Ливрейный поставил чемоданы за спиной Несвицкого и тихо удалился, аккуратно затворив дверь за собой. Николай шагнул вперед, и тут его заметила Маша.
— Папа! Папочка!
Она бросила печенье, соскочила на пол и помчалась к Николаю. Подхватив дочь на руки, он расцеловал ее в румяные щечки, получив в ответ такие же поцелуи. Дочь обняла его за шею и затихла.
— Папоська! — заголосили рядом. Это Антонина Серафимовна поднесла Несвицкому сыночка. Николай переместил дочь на одну из рук, а свободной подхватил и Мишу. Чмокнул его в лобик. Тот клюнул Николая в щеку, выпачкав перемазанными в шоколад губами, после чего, обняв за шею, замер. Некоторые время они так и стояли молча. Только Антонина Серафимовна, всхлипывая, вытирала слезы с глаз.

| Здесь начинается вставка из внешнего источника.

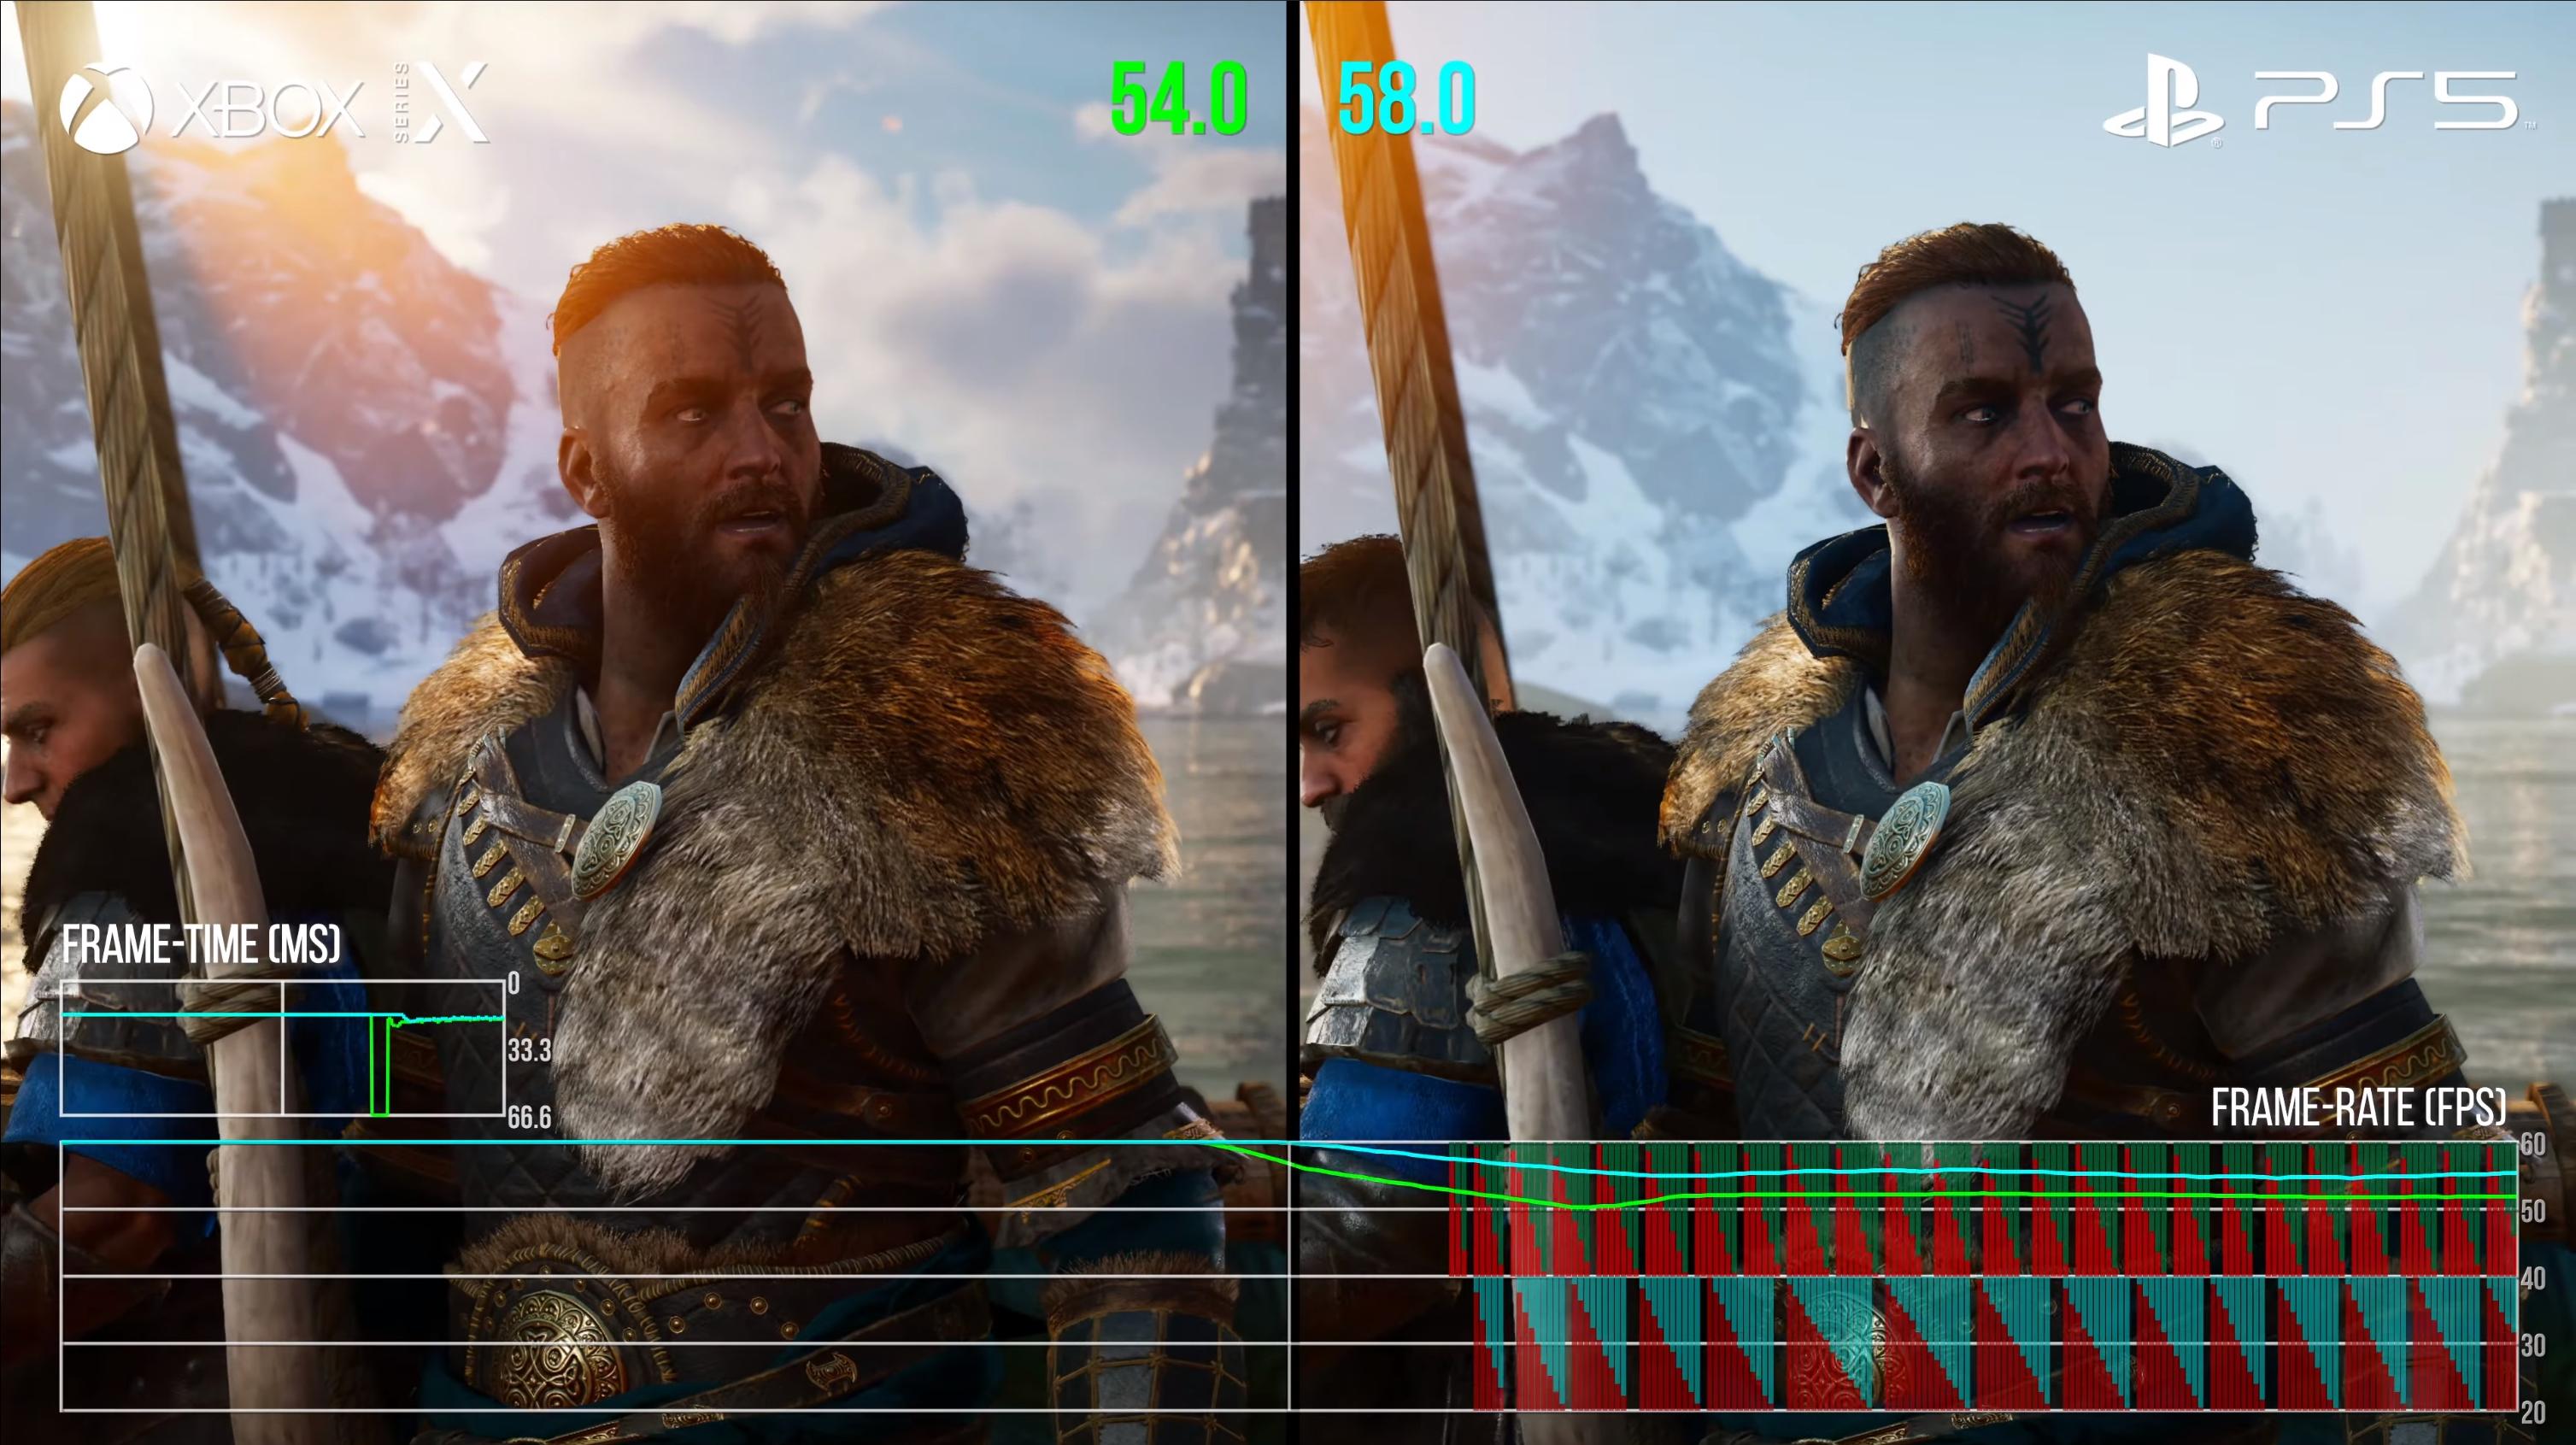 Comparacao De Ac Valhalla Veja Diferencas Entre Ps5 E Xbox Series X S Voxel

— Что вы? — укорил ее Несвицкий. — Я ж вернулся.
— Дети так скучали, — вздохнула няня, она же мать реципиента тела Николая. — И мы с Мариной…
— Теперь уж точно не расстанемся, — сообщил Несвицкий. — Закончилась моя командировка.
— А ты пливез подалки? — поинтересовался Миша.
— Разумеется, — заулыбался Николай. — А ну-ка, мои милые…
Опустив дочь с сыном на пол, он открыл один из чемоданов и откинул крышку.
— Выбирайте! — предложил заинтересовавшимся детям. — Тут куклы всякие, машинки, игры — все что в магазинах Греции нашлось.
Радостно воскликнув, сын присел на корточки у чемодана и начал извлекать коробки и пакеты. Все они немедленно вскрывались, их содержимое встречалось радостными воплями. Мише деятельно помогала старшая сестра. В эту суматоху влез и Барсик. Некогда подобранный Машей уличный котенок превратился в рыжего котяру, наглого и хитрого. Покопавшись в содержимом чемодана, Барсик выудил оттуда тапочек из меха и, взяв в зубы, потащил его в сторонку.
— Эй, куда? — Несвицкий возмутился. — Быстро положил обратно!
Барсик, словно не услышав, порскнул под диван.
— Не отдаст, — сказала Антонина Серафимовна. — Все, что из меха, небольшое, он считает за свои игрушки.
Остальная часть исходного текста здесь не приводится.